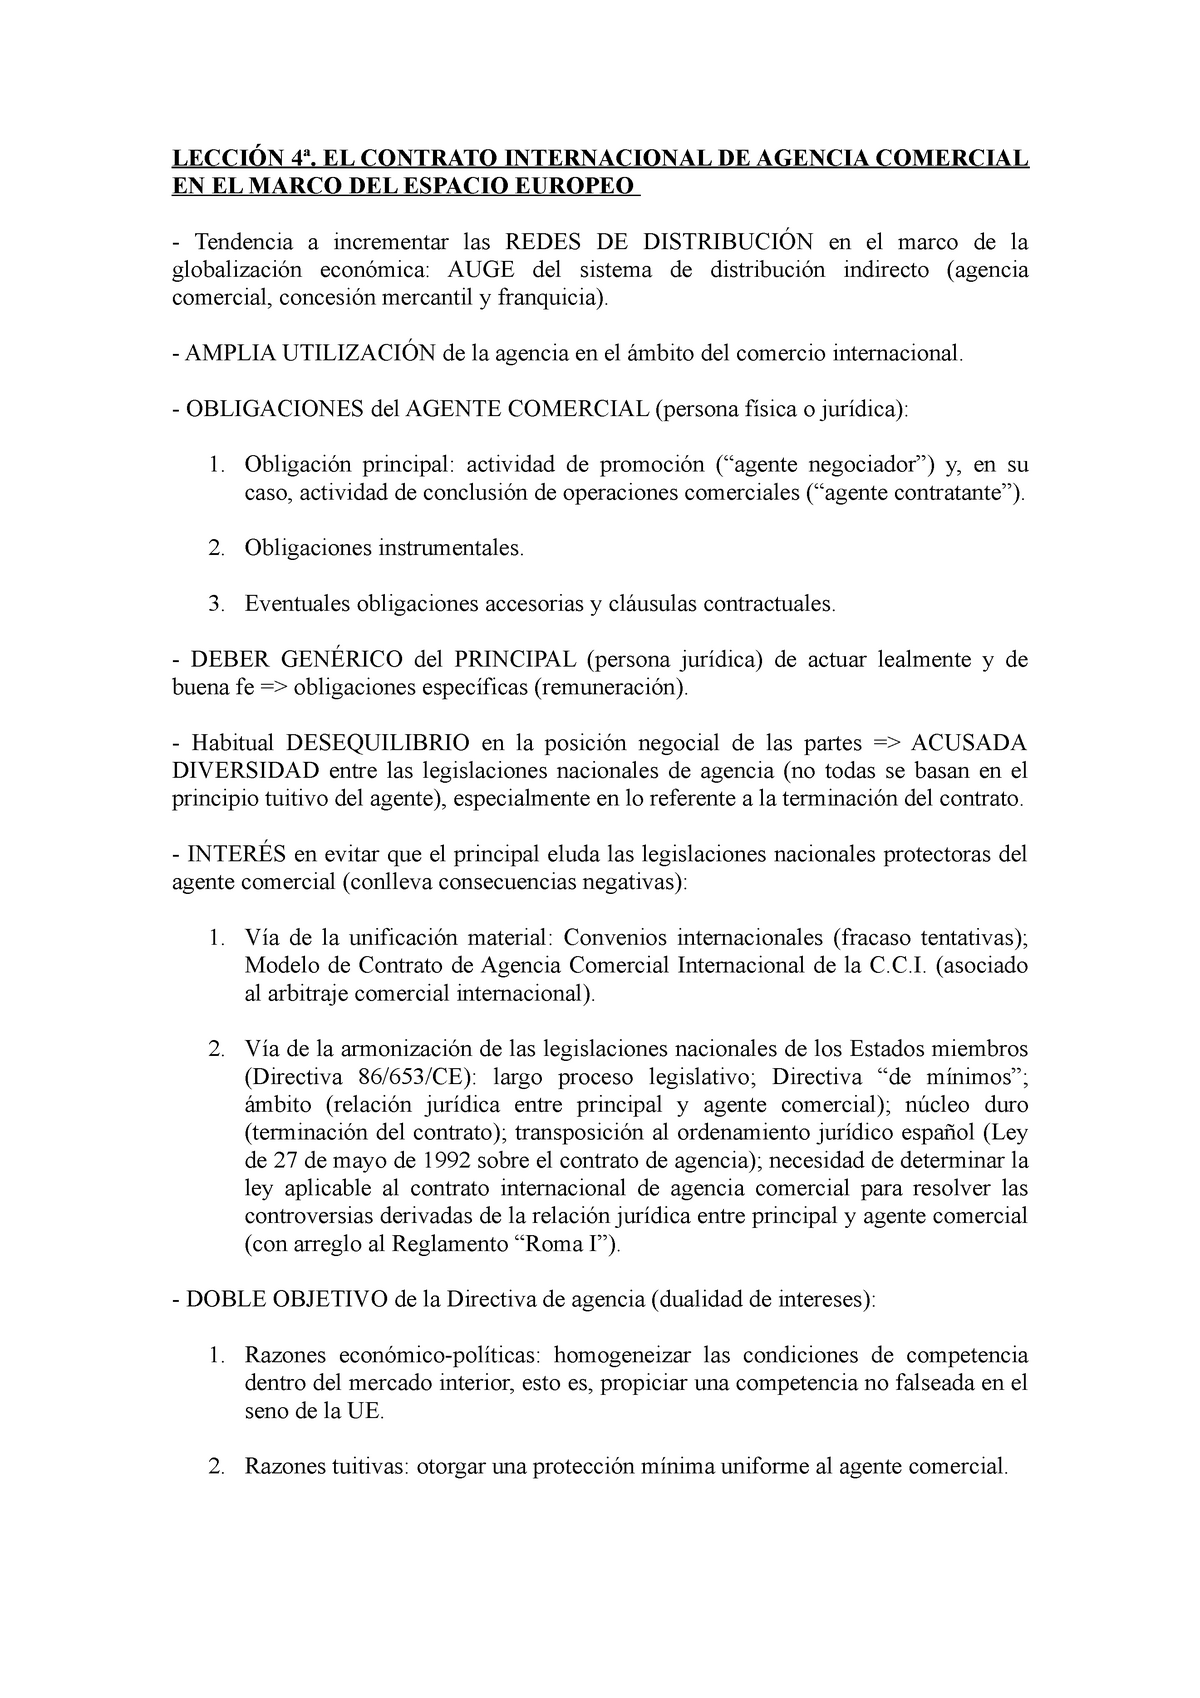 Lección 4ª (contrato internacional de agencia comercial) - Derecho  Internacional. Derecho de la UE - Studocu
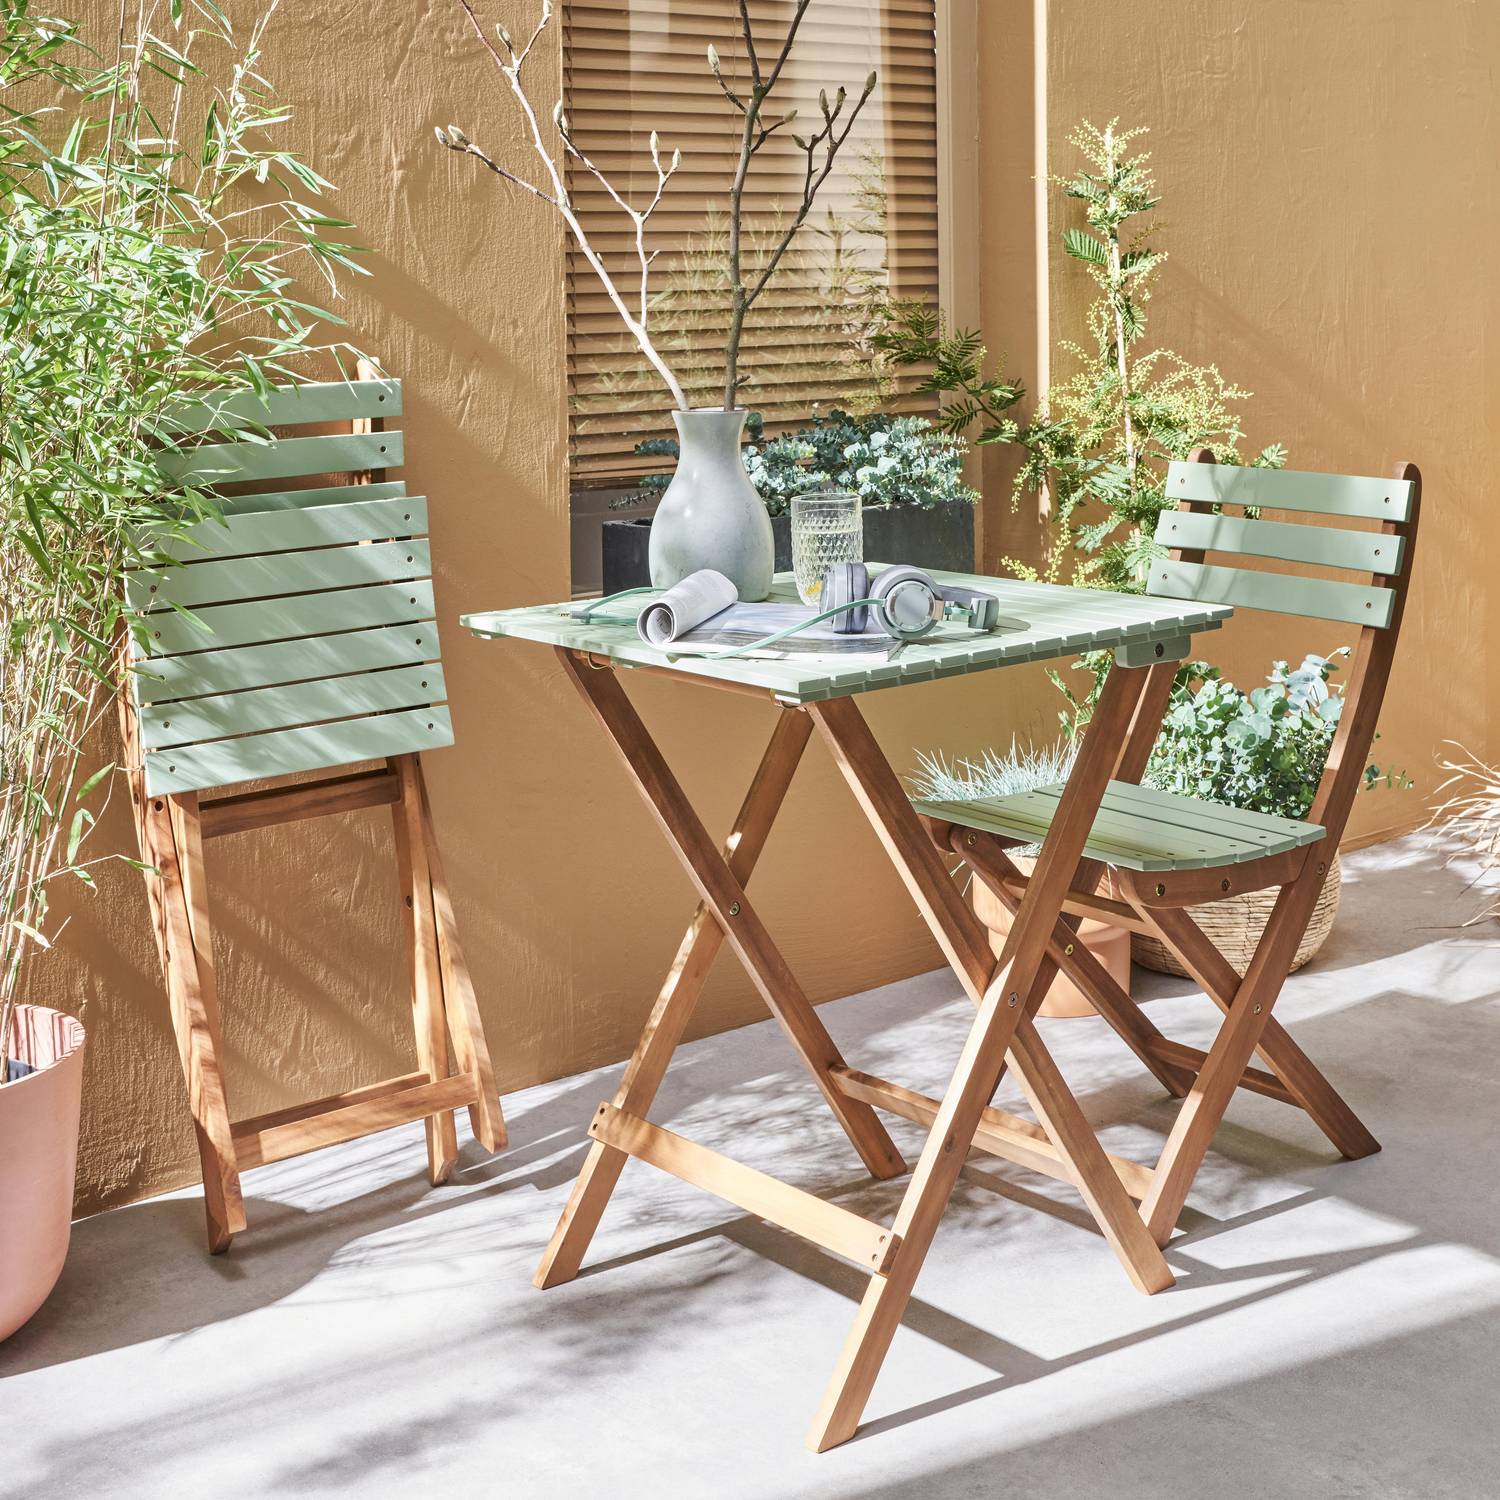 Bistro-Gartentisch aus Holz 60x60cm - Barcelona Holz / graugrün - zweifarbig quadratisch Klappbar aus Akazie mit 2 Klappstühlen Photo2
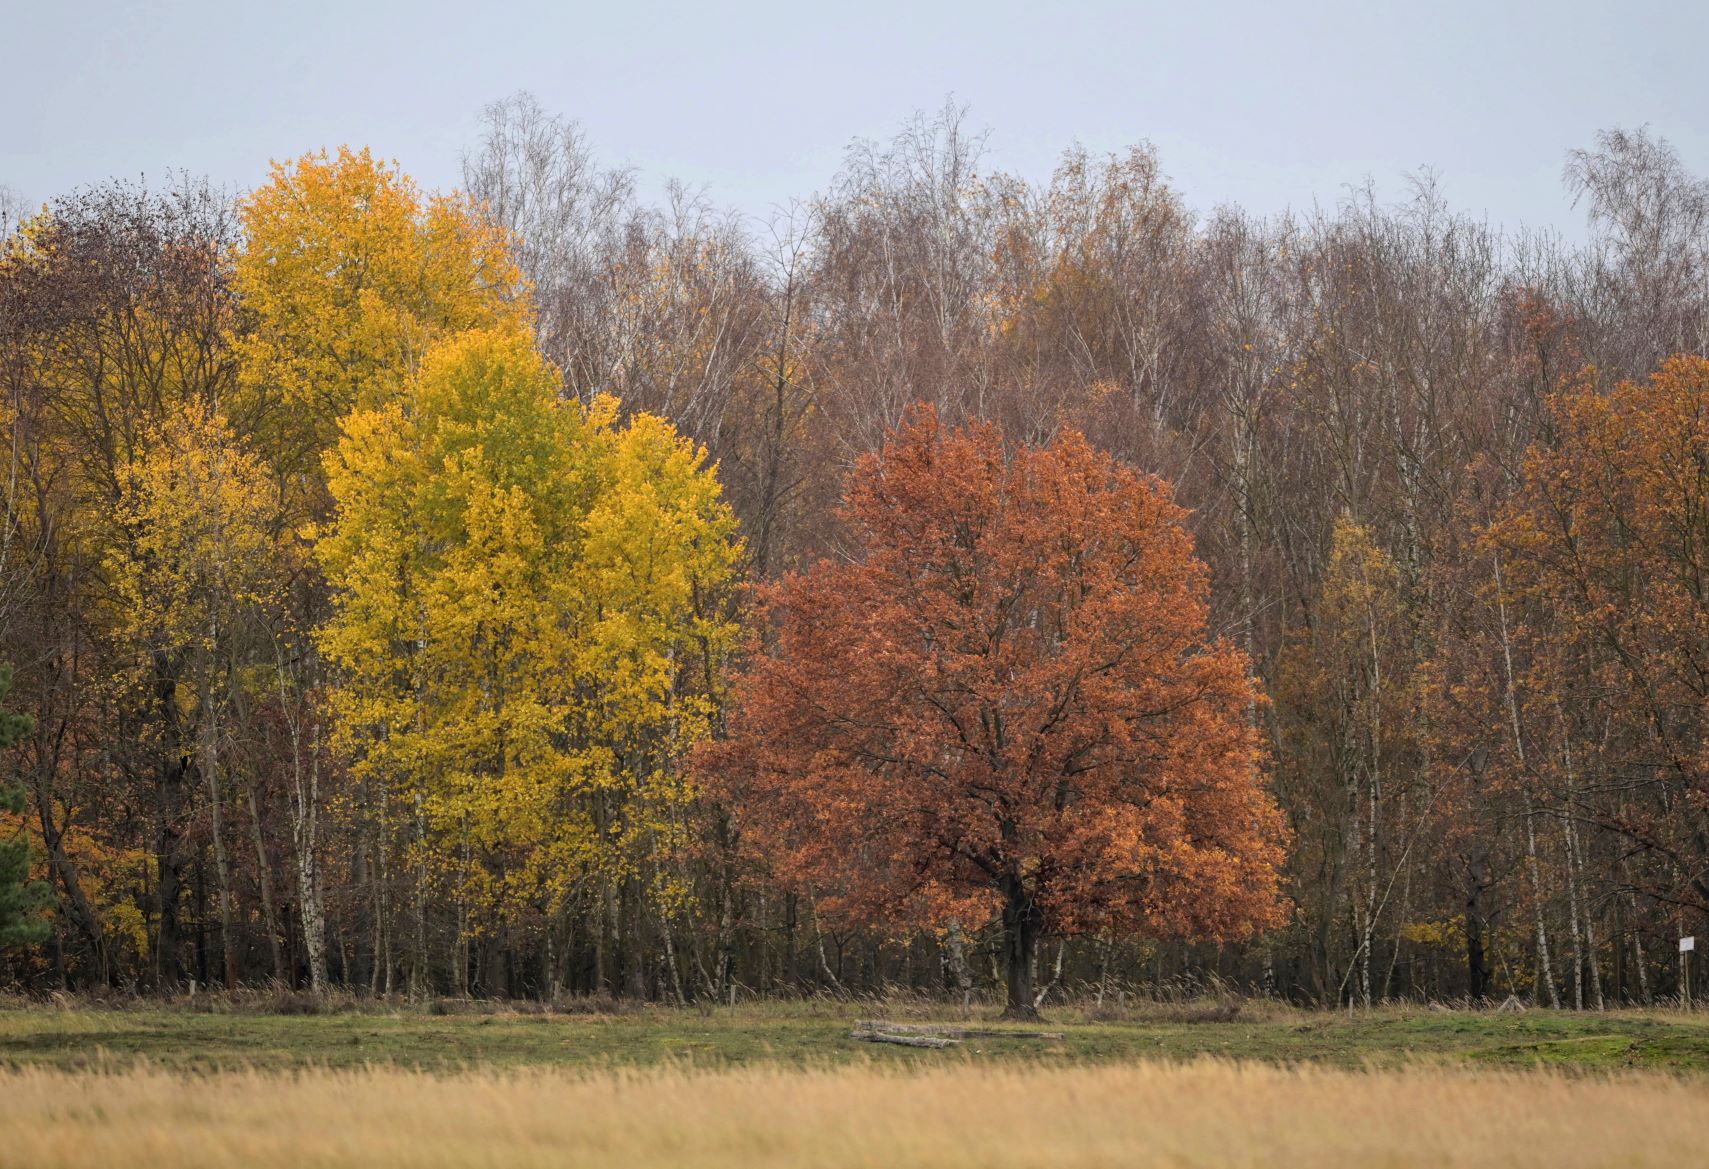 Árvores com folhas de novas cores no outono alemão: estudo indica limitação na capacidade de absorção de carbono (Foto: Soeren Stache/DPA/AFP)

━━━━━━━━

TASK BRIEF =>
Give back the full listing exactly as written, only without its pictures.

REPLY TO THE EXERCISE =>
 Lección 4ª (contrato internacional de agencia comercial) - Derecho  Internacional. Derecho de la UE - Studocu
 Bistro-Gartentisch aus Holz 60x60cm - Barcelona Holz / graugrün - zweifarbig quadratisch Klappbar aus Akazie mit 2 Klappstühlen Photo2
 Árvores com folhas de novas cores no outono alemão: estudo indica limitação na capacidade de absorção de carbono (Foto: Soeren Stache/DPA/AFP)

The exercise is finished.